What is required -> The answer should consist of the full listing below, repeated exactly and free of pictures.

Supplied information ->
-------------------------
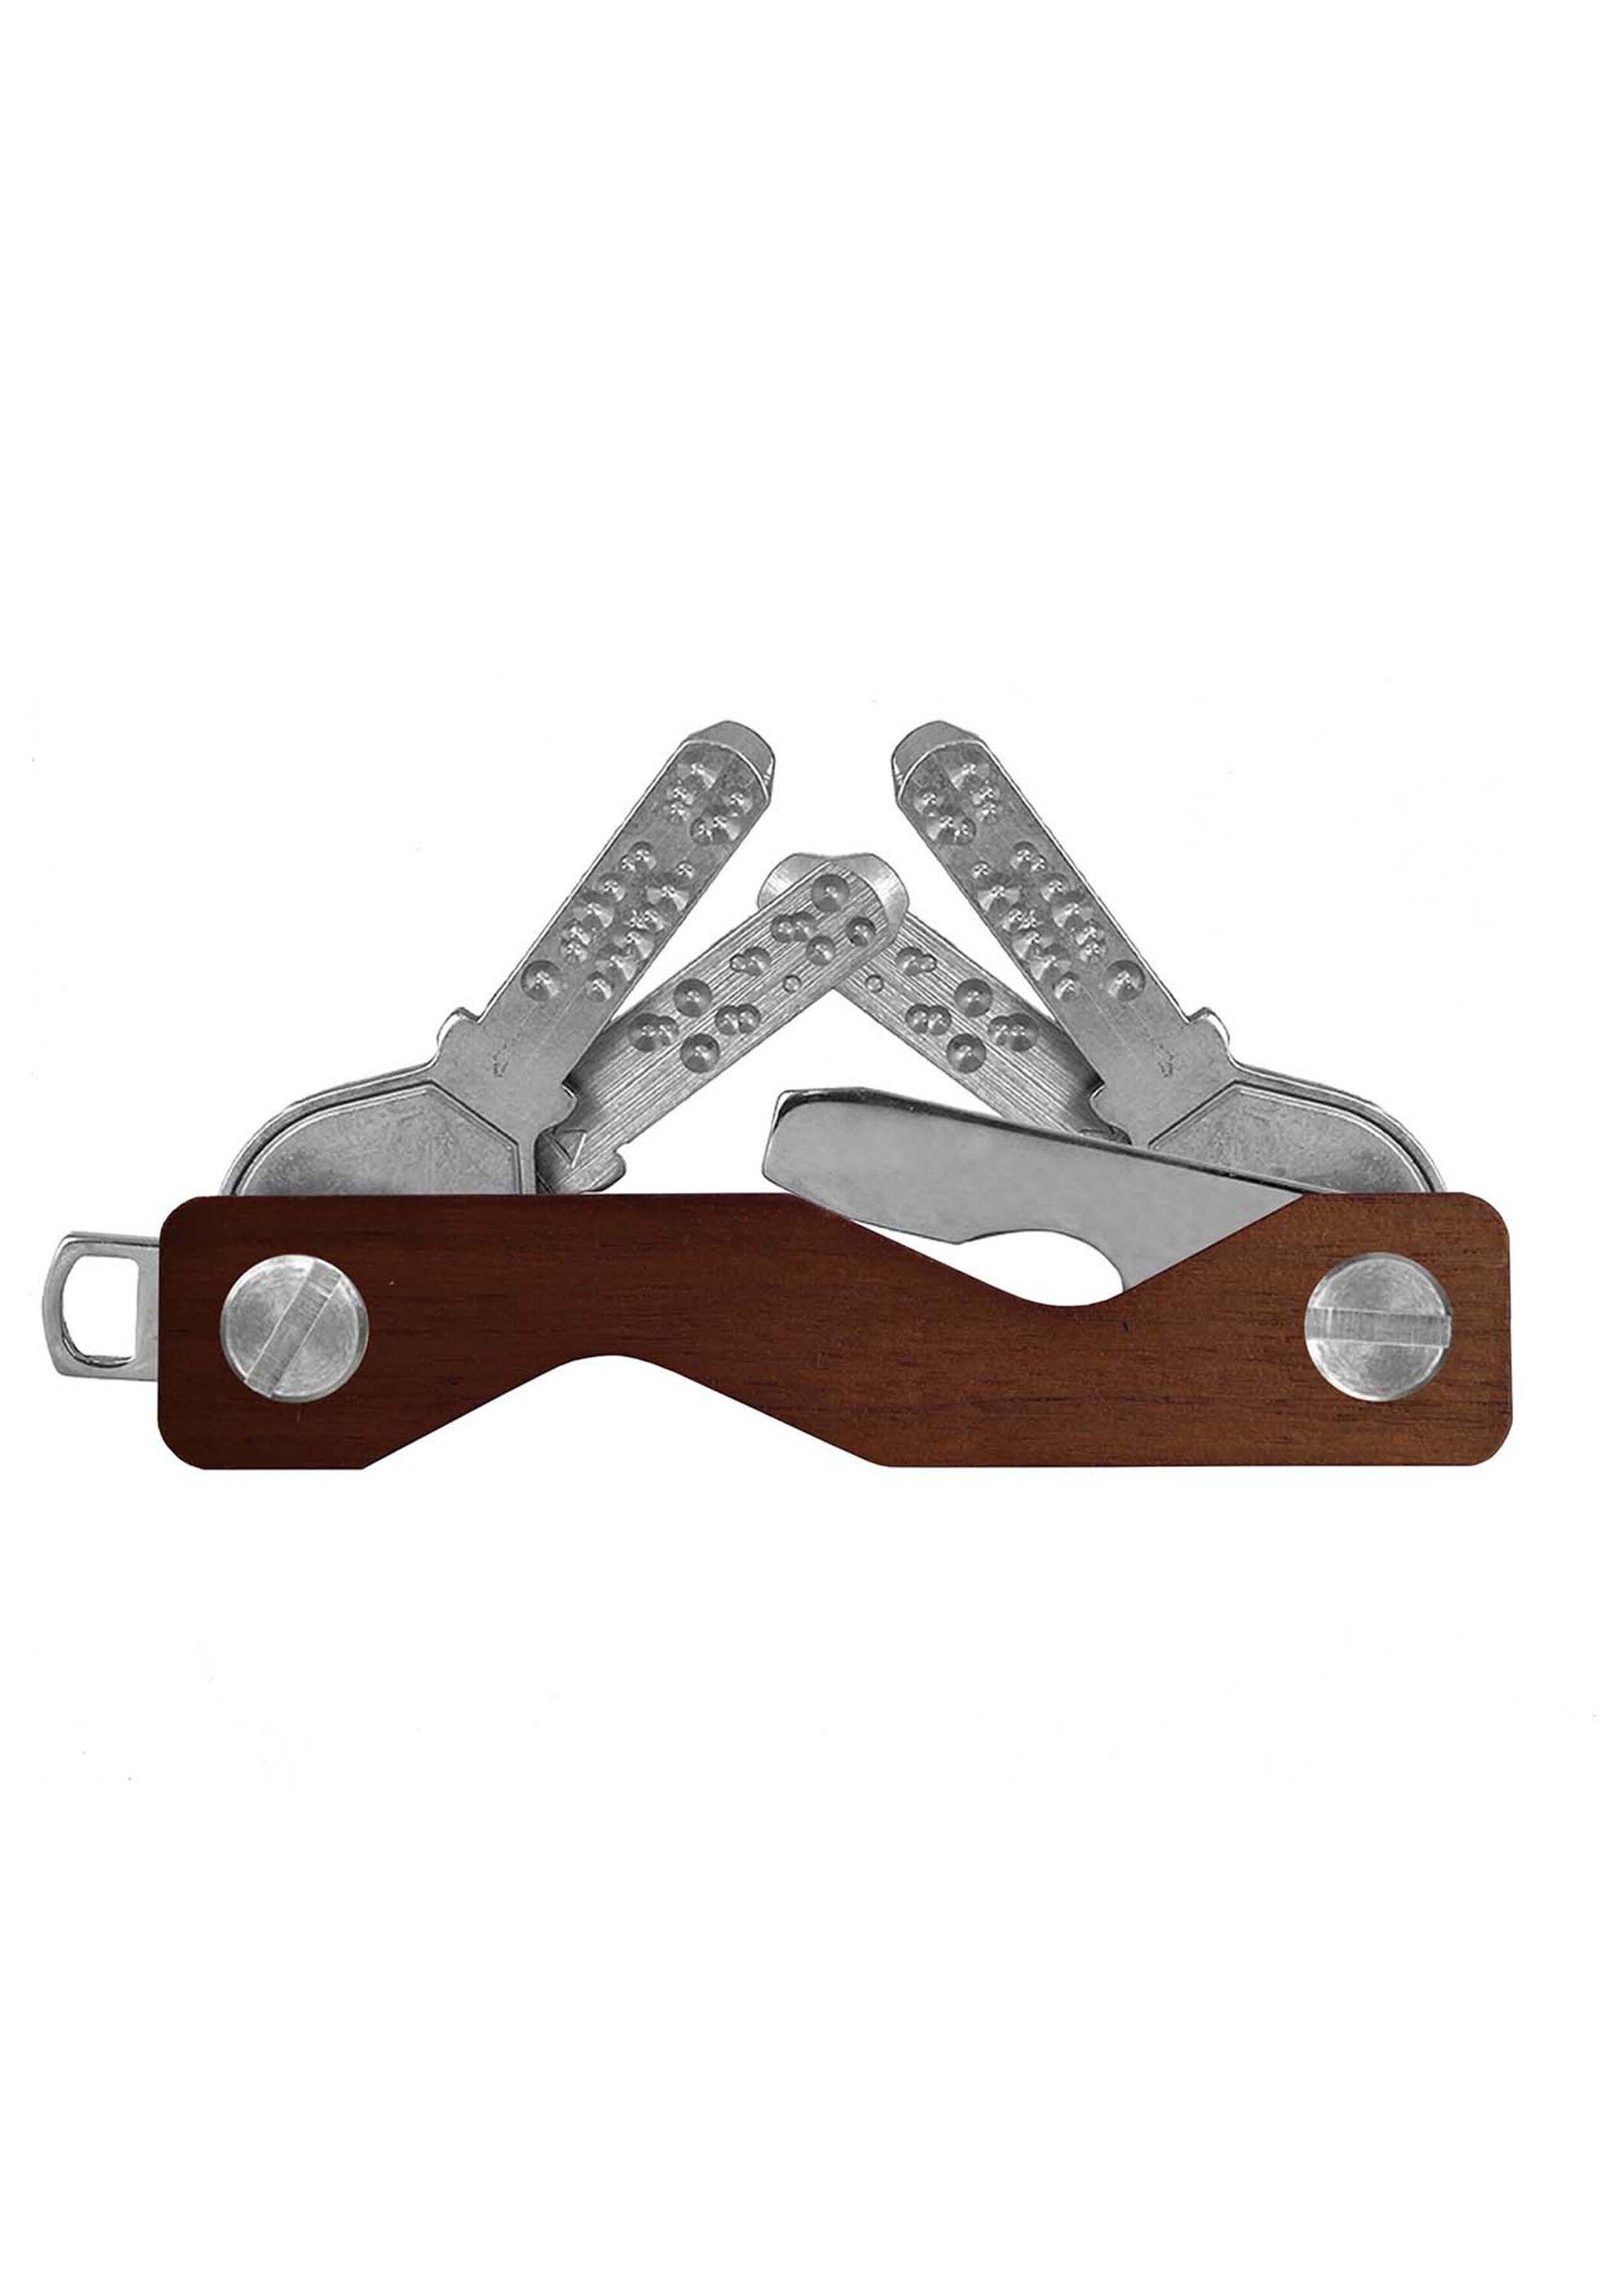 S3, made Wood SWISS Schlüsselanhänger braun keycabins
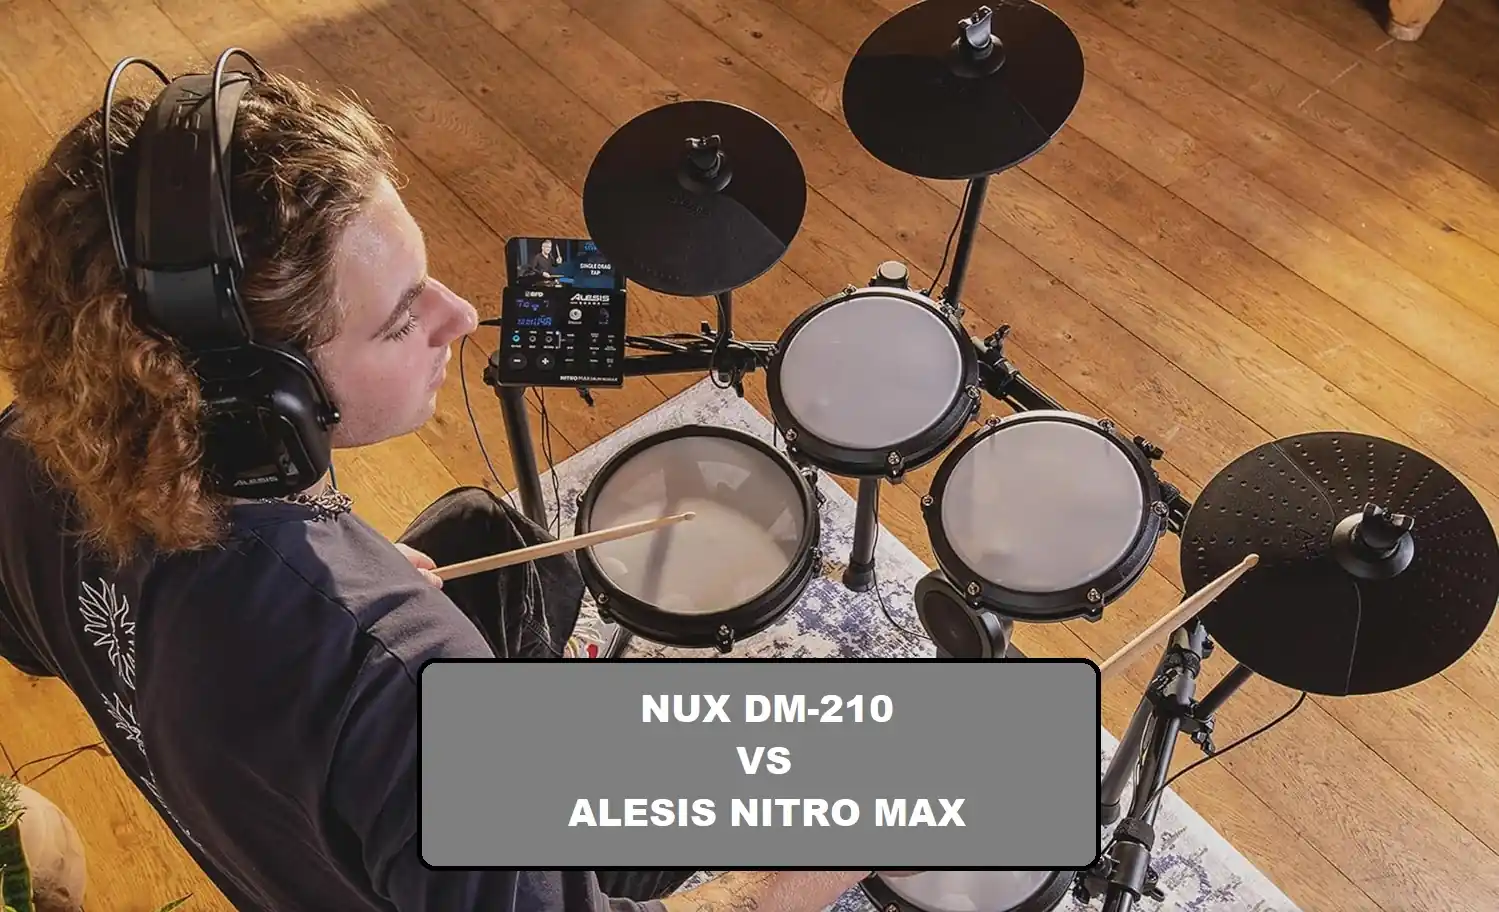 Nux DM-210 vs Alesis Nitro Max
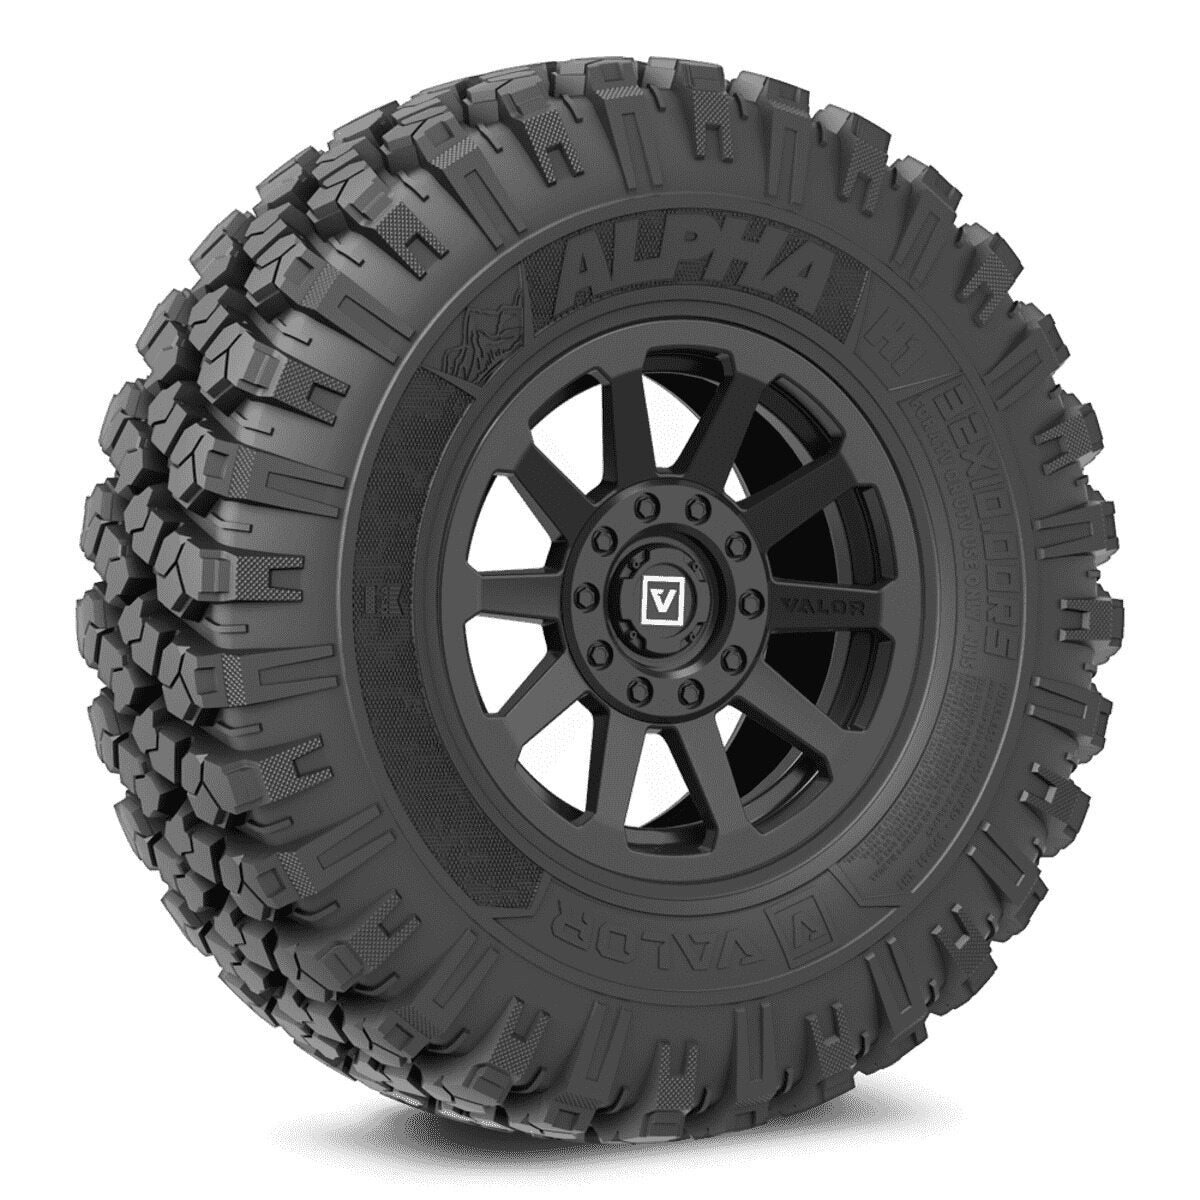 Valor Off-Road Alpha on V02 Wheel and Tire Kits
-------------------------
Solution for this problem ->
 S3, made Wood SWISS Schlüsselanhänger braun keycabins
 Nux DM-210 vs Alesis Nitro Max
 Valor Off-Road Alpha on V02 Wheel and Tire Kits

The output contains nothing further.